Your objective: Repeat, word for word, all the data that follows, and exclude the pictures.

Stored data:
================================

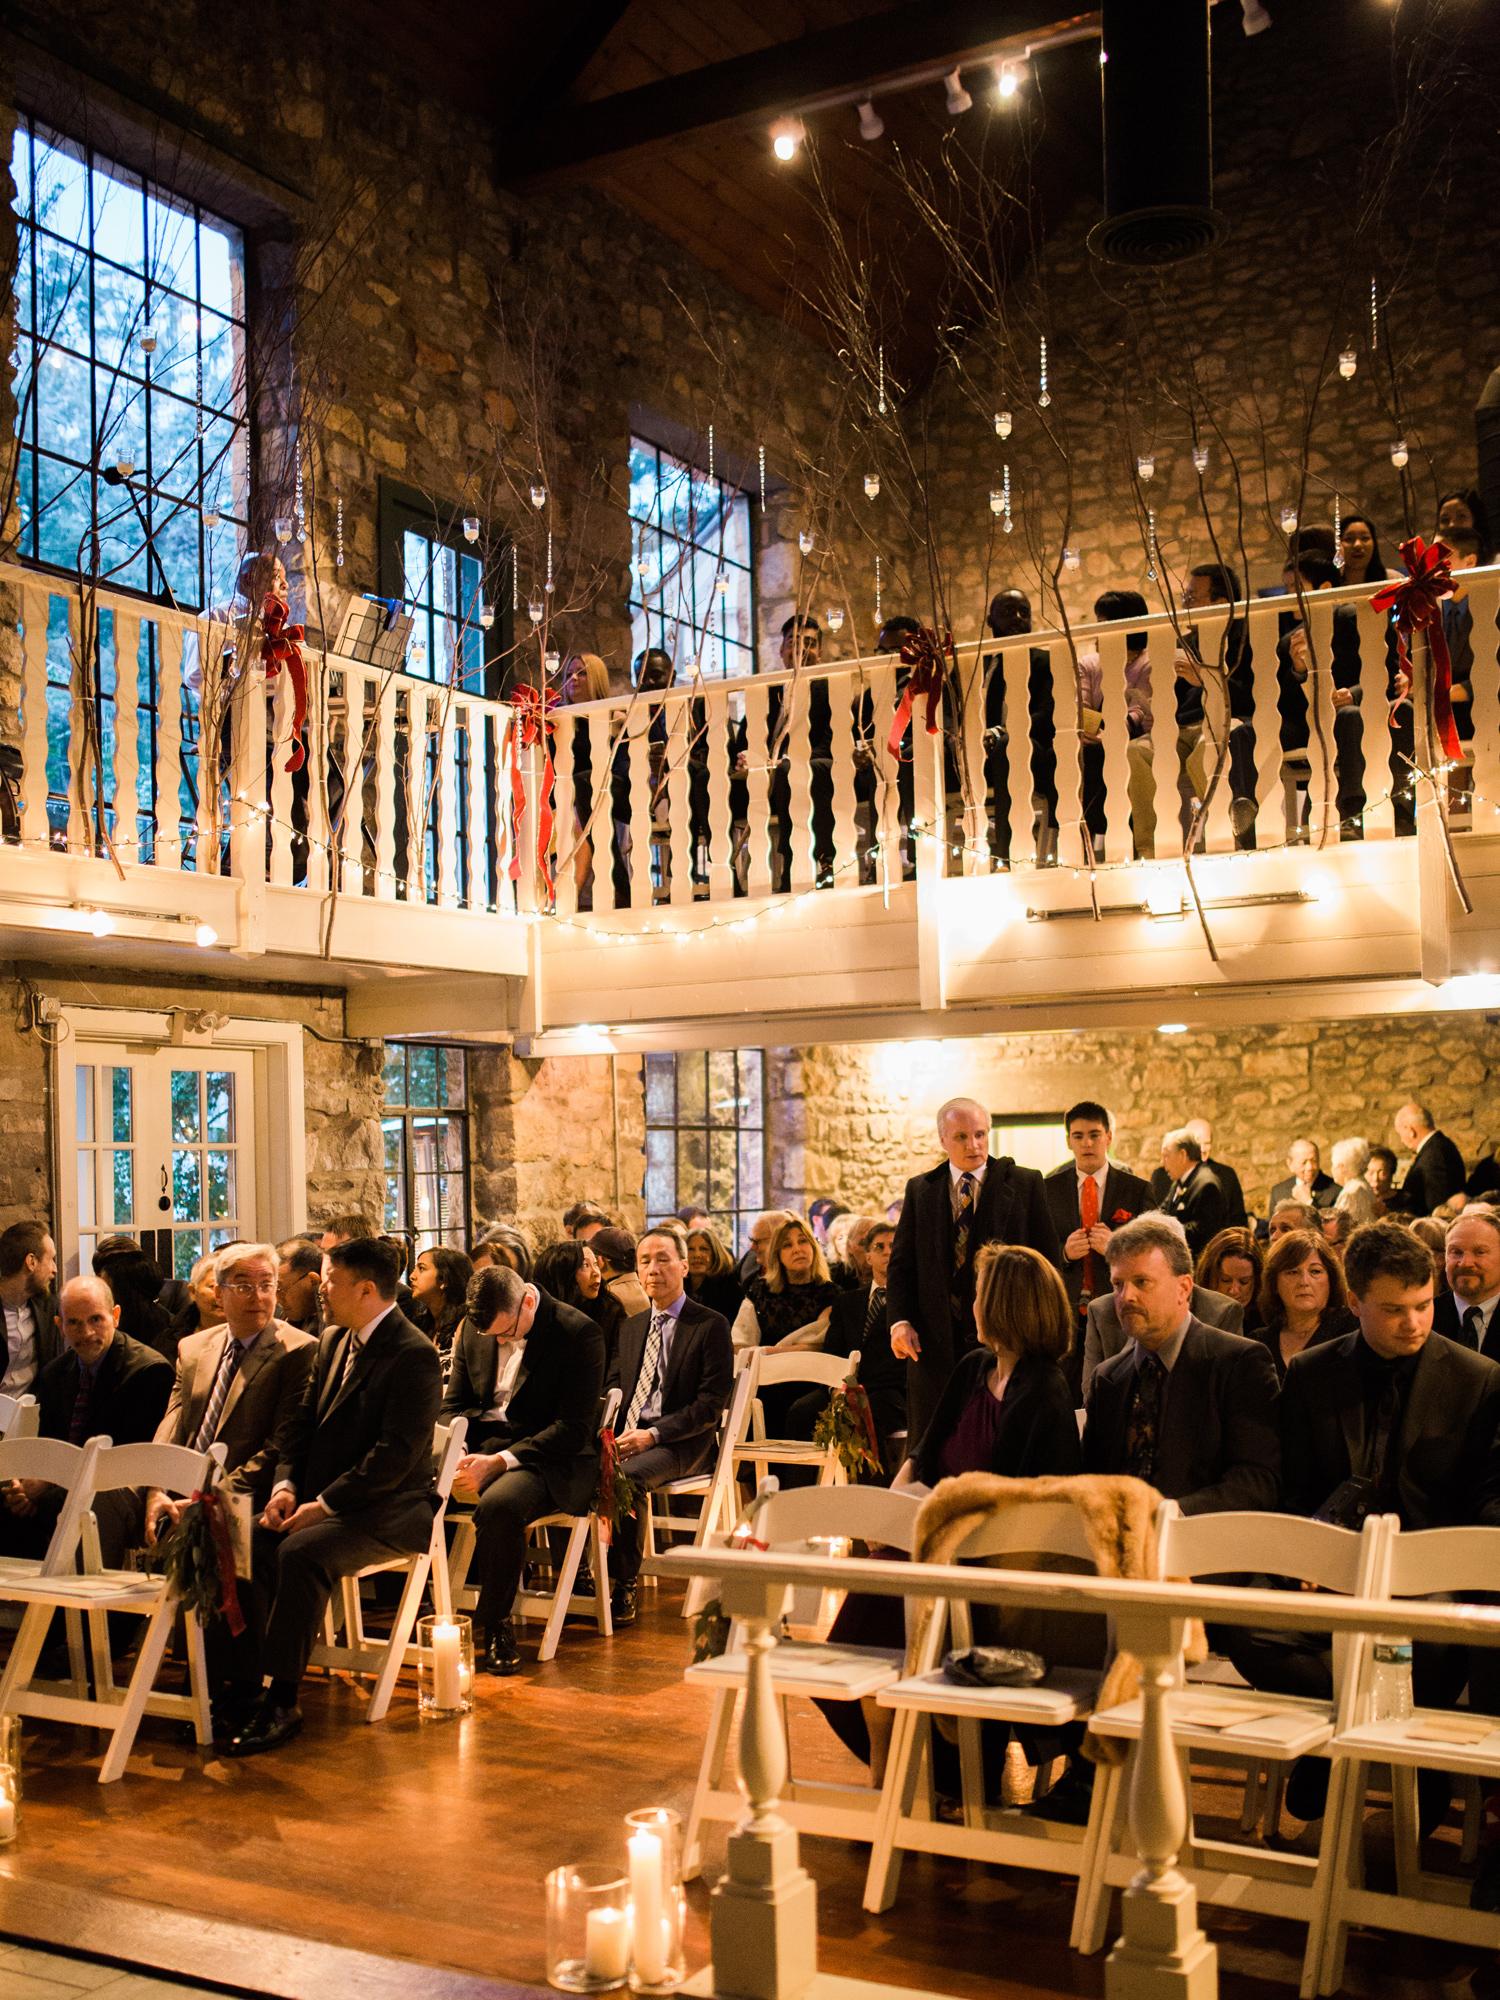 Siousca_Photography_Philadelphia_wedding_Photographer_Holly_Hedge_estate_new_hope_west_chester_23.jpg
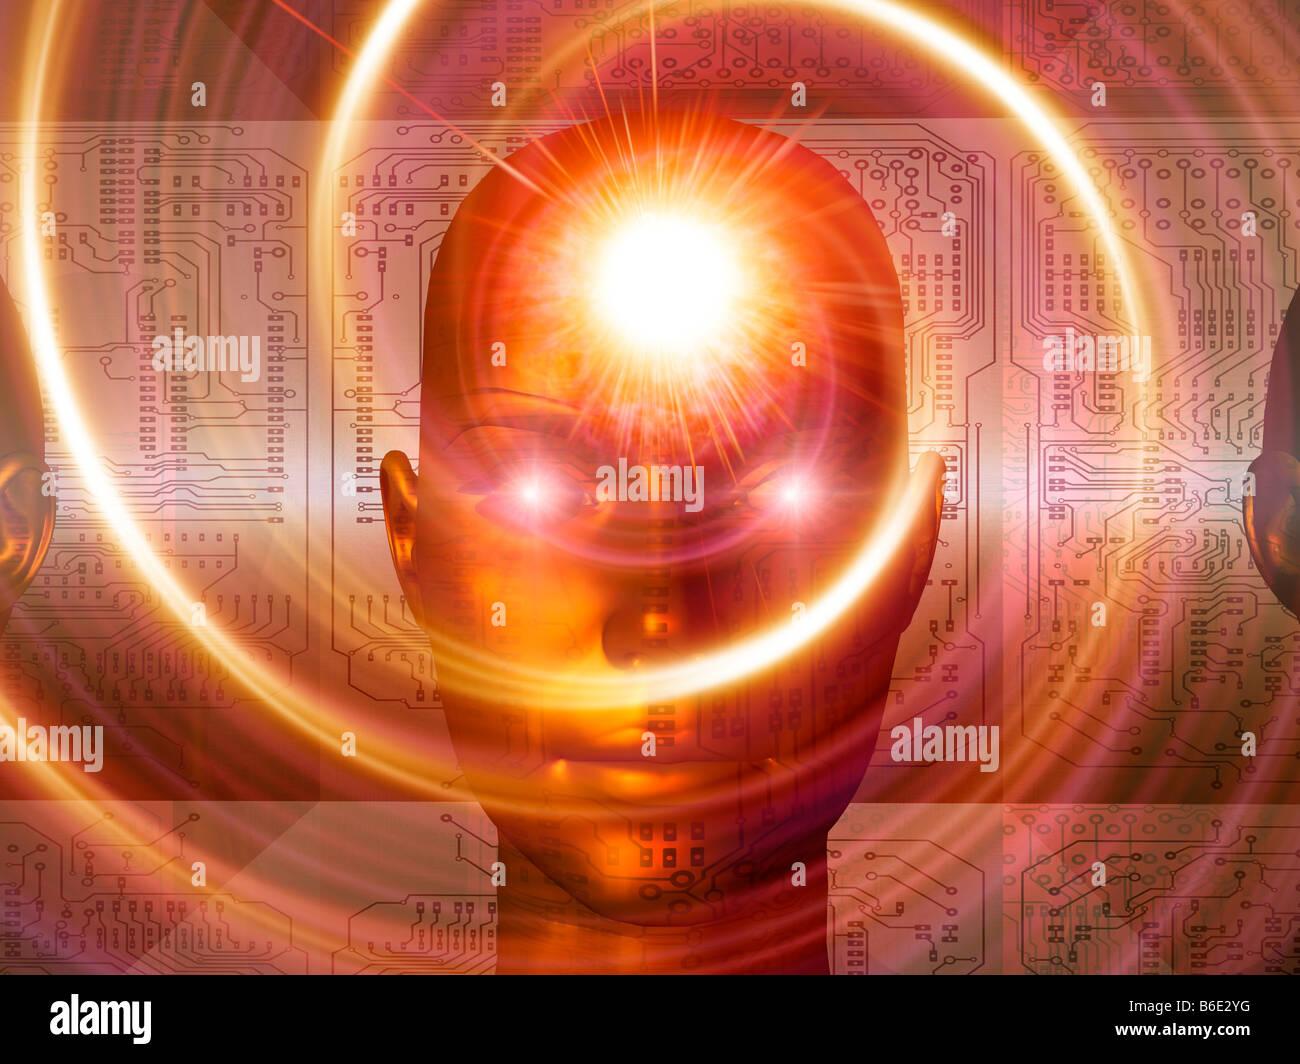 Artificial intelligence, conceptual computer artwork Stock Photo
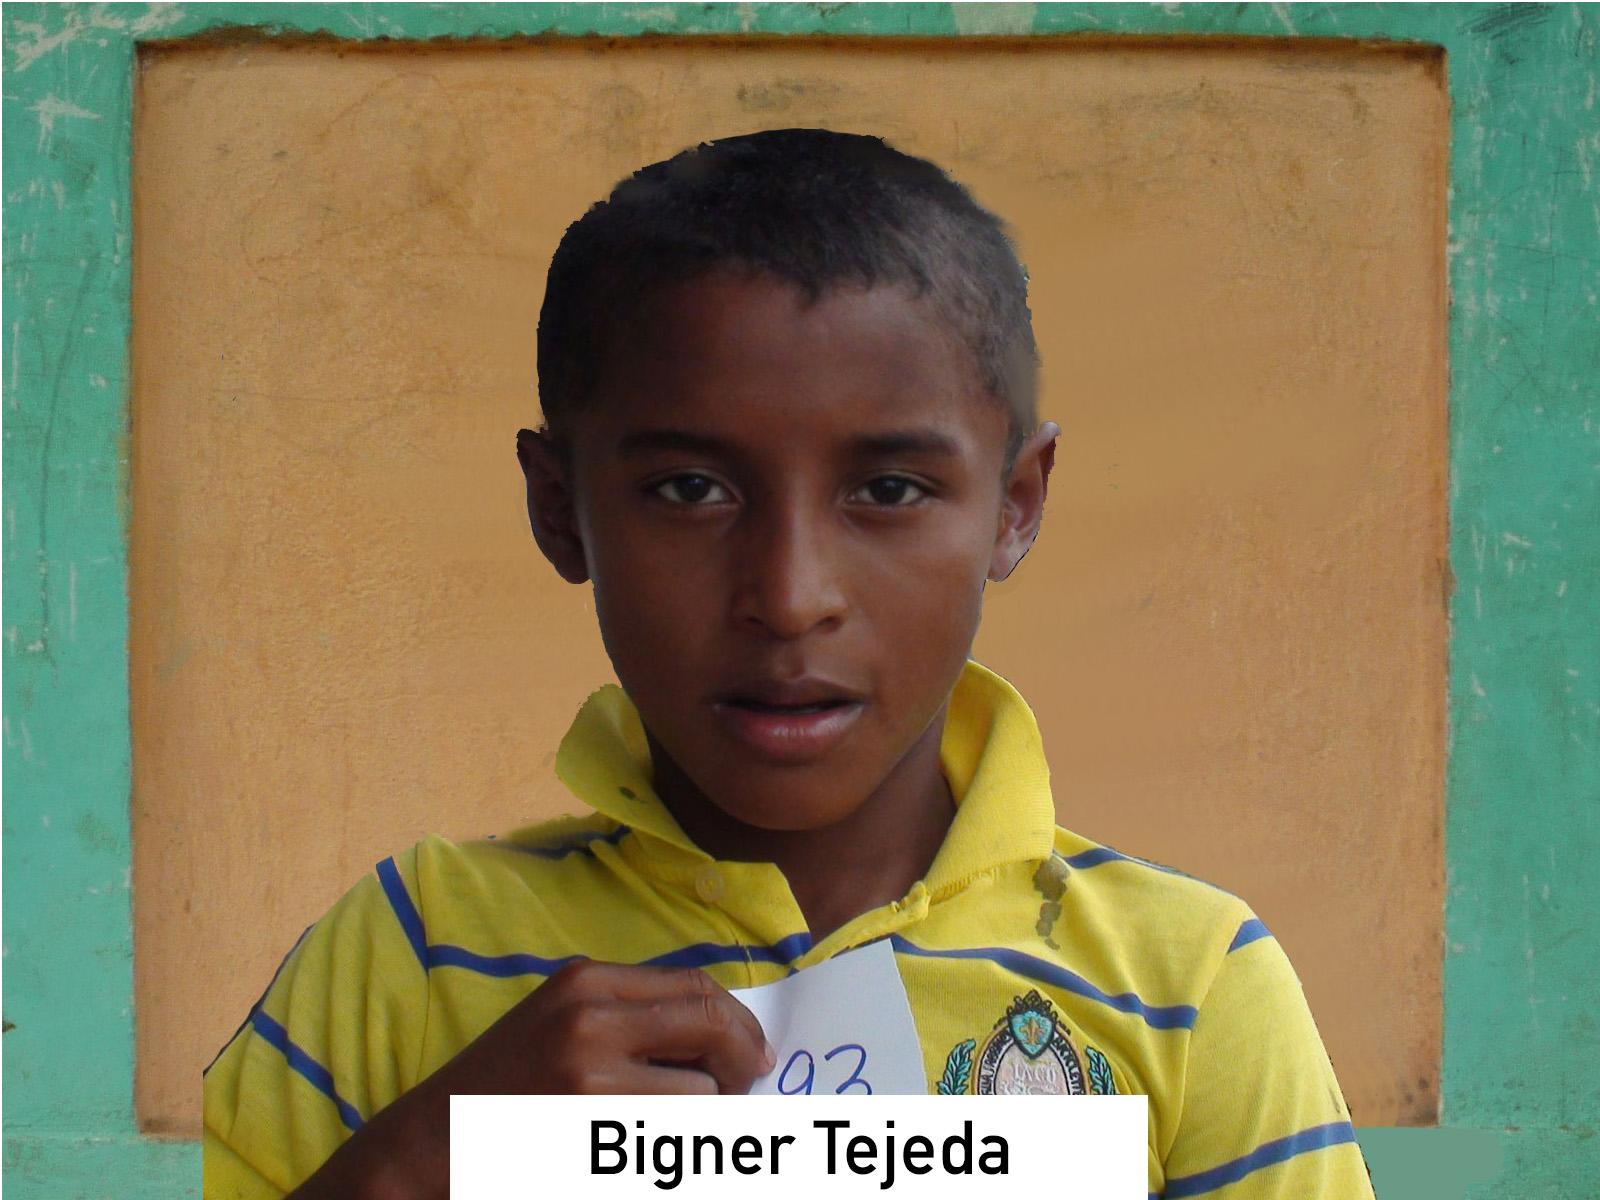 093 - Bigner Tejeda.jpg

================================

Answer to the problem:
 Siousca_Photography_Philadelphia_wedding_Photographer_Holly_Hedge_estate_new_hope_west_chester_23.jpg
 Artificial intelligence, conceptual computer artwork Stock Photo
 093 - Bigner Tejeda.jpg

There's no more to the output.